- Lobby card
- Directed by: Henry Cass
- Written by: Peter Bryan
- Produced by: Bill Luckwell
- Starring: Sydney Tafler
- Cinematography: James Wilson
- Edited by: Robert Jordan Hill (as Robert Hill)
- Music by: Wilfred Burns
- Production company: Jaywell Productions
- Distributed by: Eros Films
- Release date: 1957;
- Running time: 72 minutes
- Country: United Kingdom
- Language: English

= Booby Trap (film) =

1957 film by Henry Cass

Booby Trap is a 1957 black and white British comedy drama 'B' film, directed by Henry Cass and starring Tony Quinn, Harry Fowler and Sidney Tafler. It was written by Peter Bryan.

==Plot==
Professor Hasdane has invented an explosive fountain pen, which will explode if it hears the first chime of Big Ben. The absent-minded professor leaves his briefcase, containing the pen, in a taxi. The next customer in the taxi, Sammy the spiv, takes the case. He pawns the pen. Sammy and Hasdane subsequently trace the pen to a seedy club operated by narcotics gangster Hunter, who distributes his drugs in mock fountain pens. Hunter unwittingly mixes up the Professor's pen with his own pens, and escapes pursued by the police. His car explodes when Big Ben chimes over the car radio.

==Cast==
- Tony Quinn as Professor Hasdane
- Harry Fowler as Sammy
- Sydney Tafler as Mr. Hunter
- Patti Morgan as Jackie
- Jacques Cey as Bentley
- Richard Shaw as Paul Richards

==Crititical reception==
The Monthly Film Bulletin wrote: "A lively, if juvenile, idea is sacrificed after the opening scenes, promising a suspense which never materialises. The development of this uninspired thriller is thin, the characters are pasteboard and the production is sparing."

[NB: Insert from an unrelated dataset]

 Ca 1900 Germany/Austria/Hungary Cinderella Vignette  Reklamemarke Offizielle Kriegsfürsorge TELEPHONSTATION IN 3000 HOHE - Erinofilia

Kine Weekly wrote: "The central idea is novel, but suspense and thrills are dissipated by indifferent acting and haphazard direction. It fizzles out like a damp squib ... Harry Fowler scores as spiv Sammy and Patti Morgan has her moments as a hostess, but Tony Quinn unblushingly hams as Hasdane, and so does Sydney Tafler as Hunter. Its opening army demonstration scene bores and it never recovers from the shaky start. The settings are nothing to shout about, either."

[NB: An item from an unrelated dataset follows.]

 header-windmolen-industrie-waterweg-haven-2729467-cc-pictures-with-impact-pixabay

Picturegoer wrote: "Can bombs be funny? This neat British thriller is time-set for laughs as well as thrills. ...Cheers to writer Peter Bryan for a fast and funny plot. And to the cast. They make this one of the brightest 'B' films for some time."

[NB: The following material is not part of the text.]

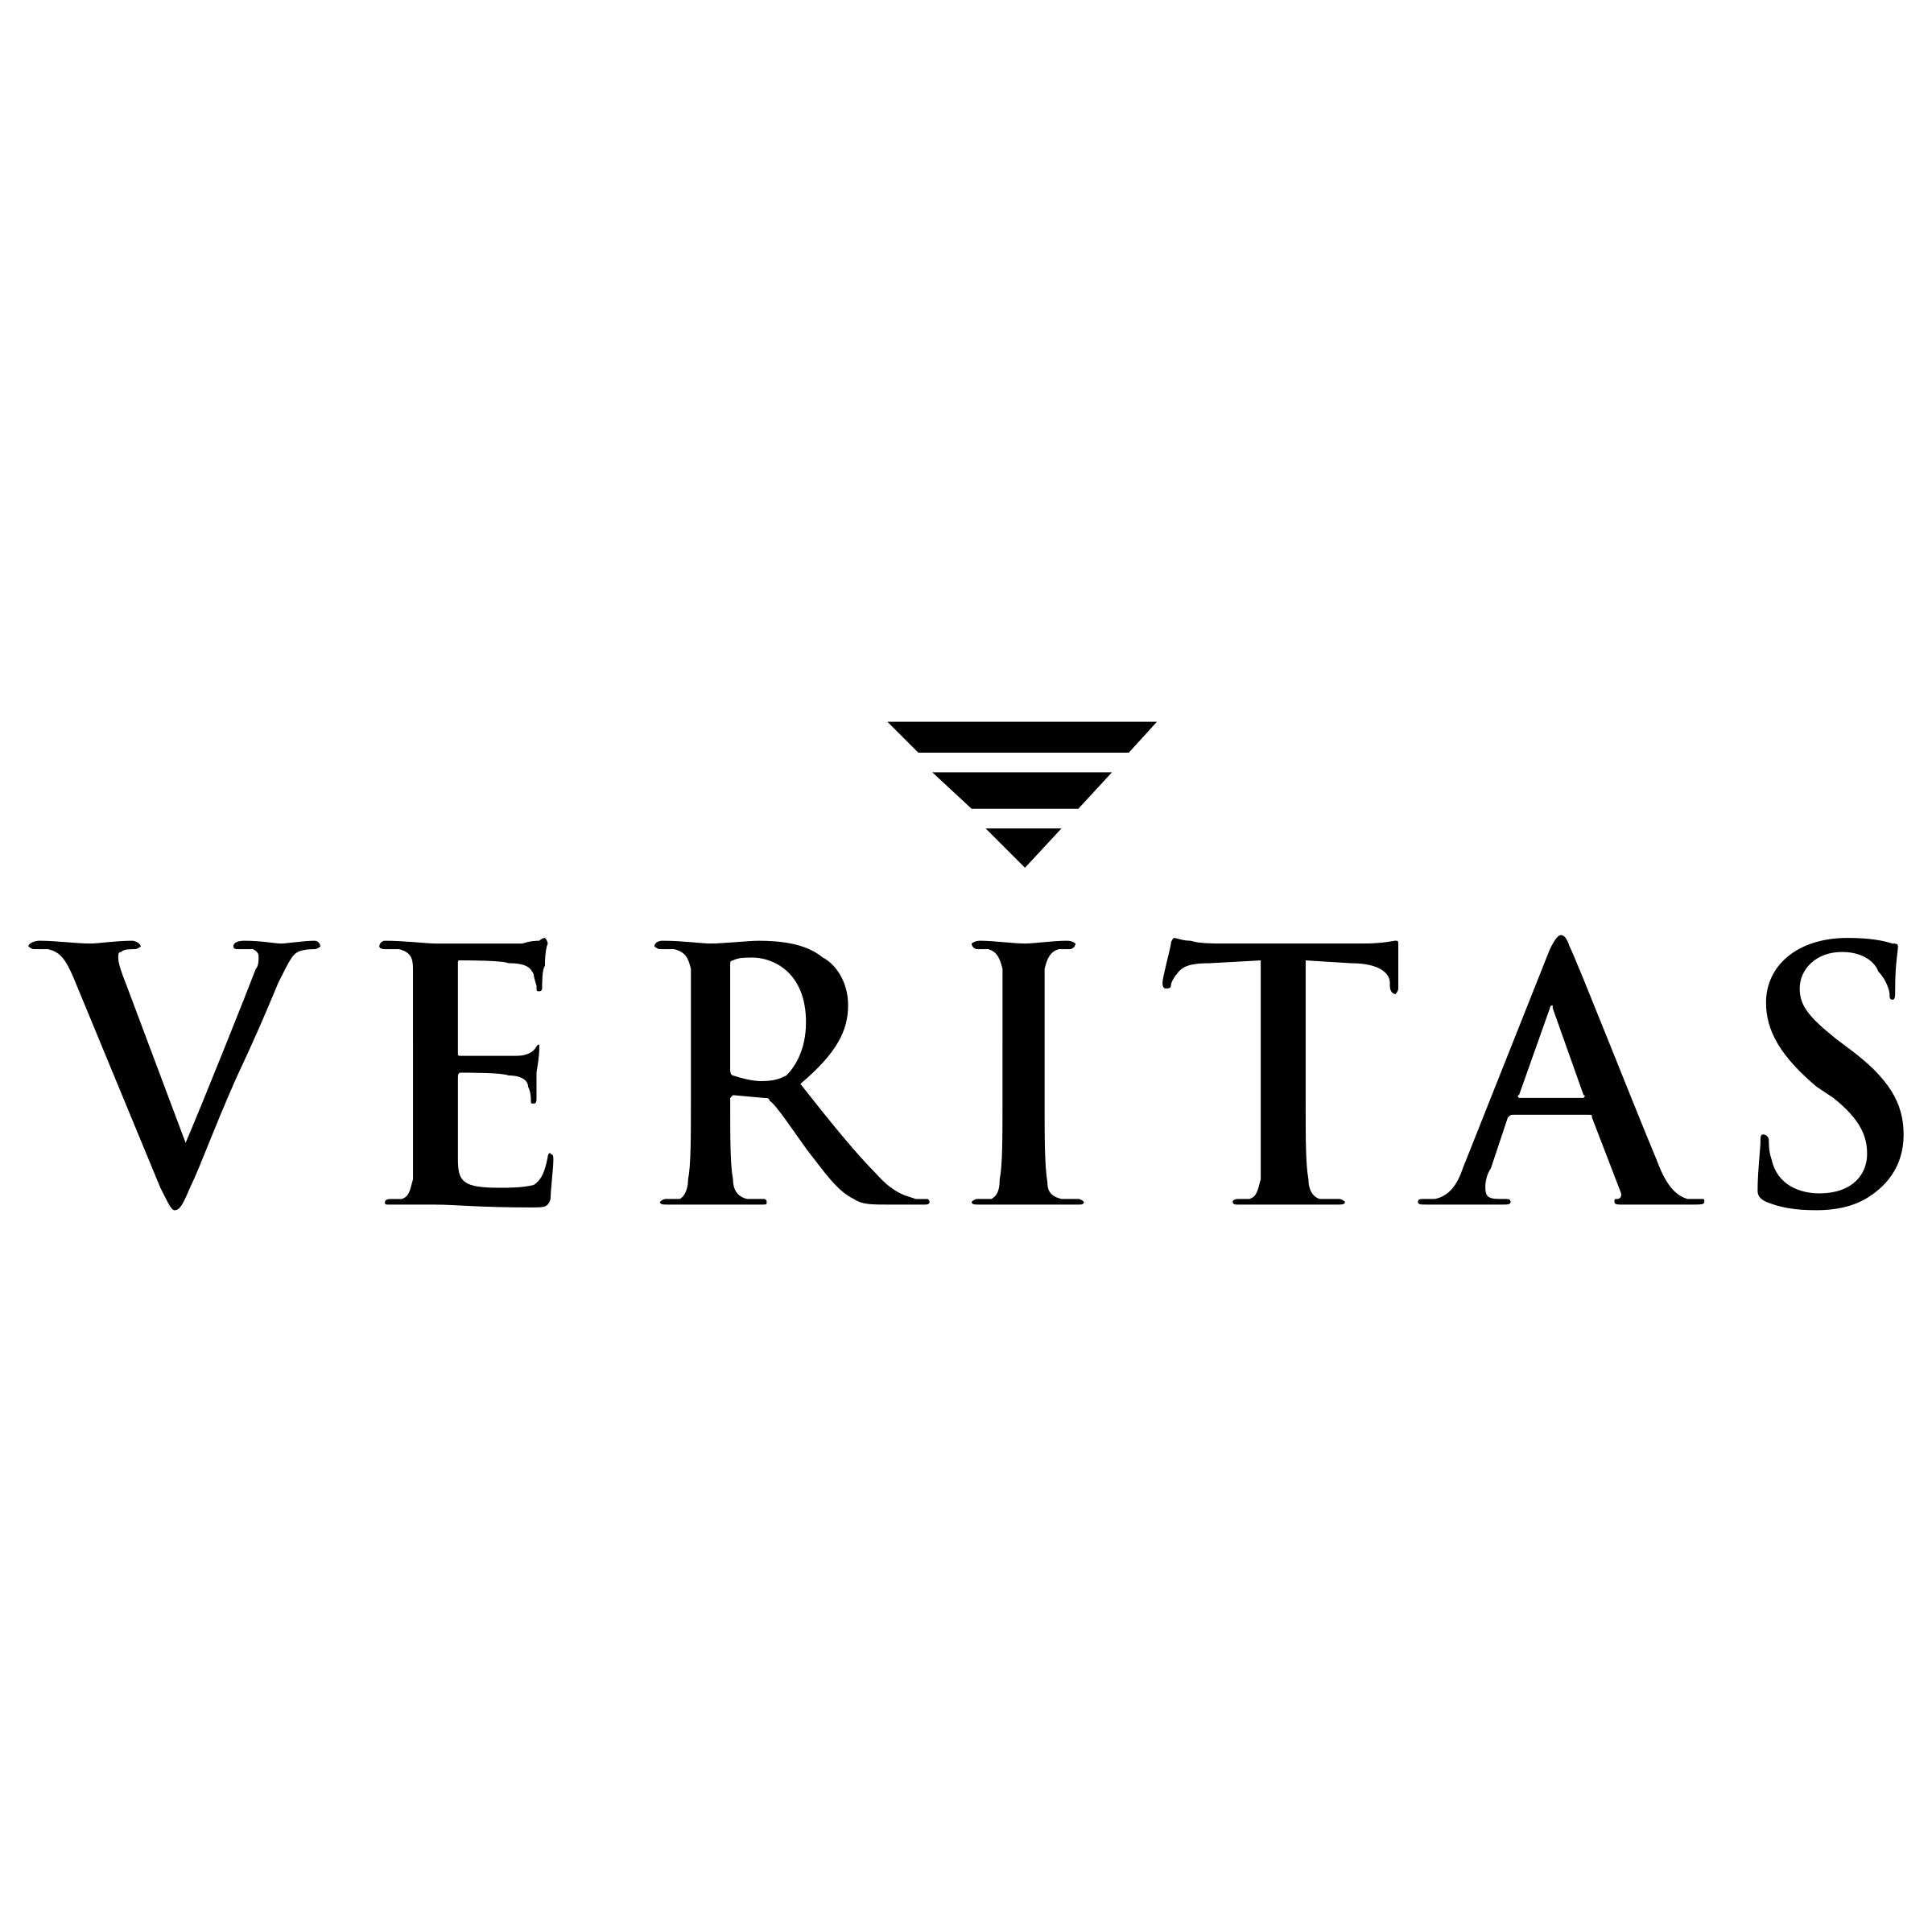 Veritas Logo - Veritas Logo PNG Transparent & SVG Vector - Freebie Supply

In British Sound Films: The Studio Years 1928–1959 David Quinlan rated the film as "average" and wrote: "Bright comedy thriller, fast and amusing, misses on the thrills."

The Radio Times Guide to Films gave the film 1/5 stars, writing: "This dire British B-feature was barely seen when it first came out. [...] The build-up is feeble and none of the characters engage one's interest."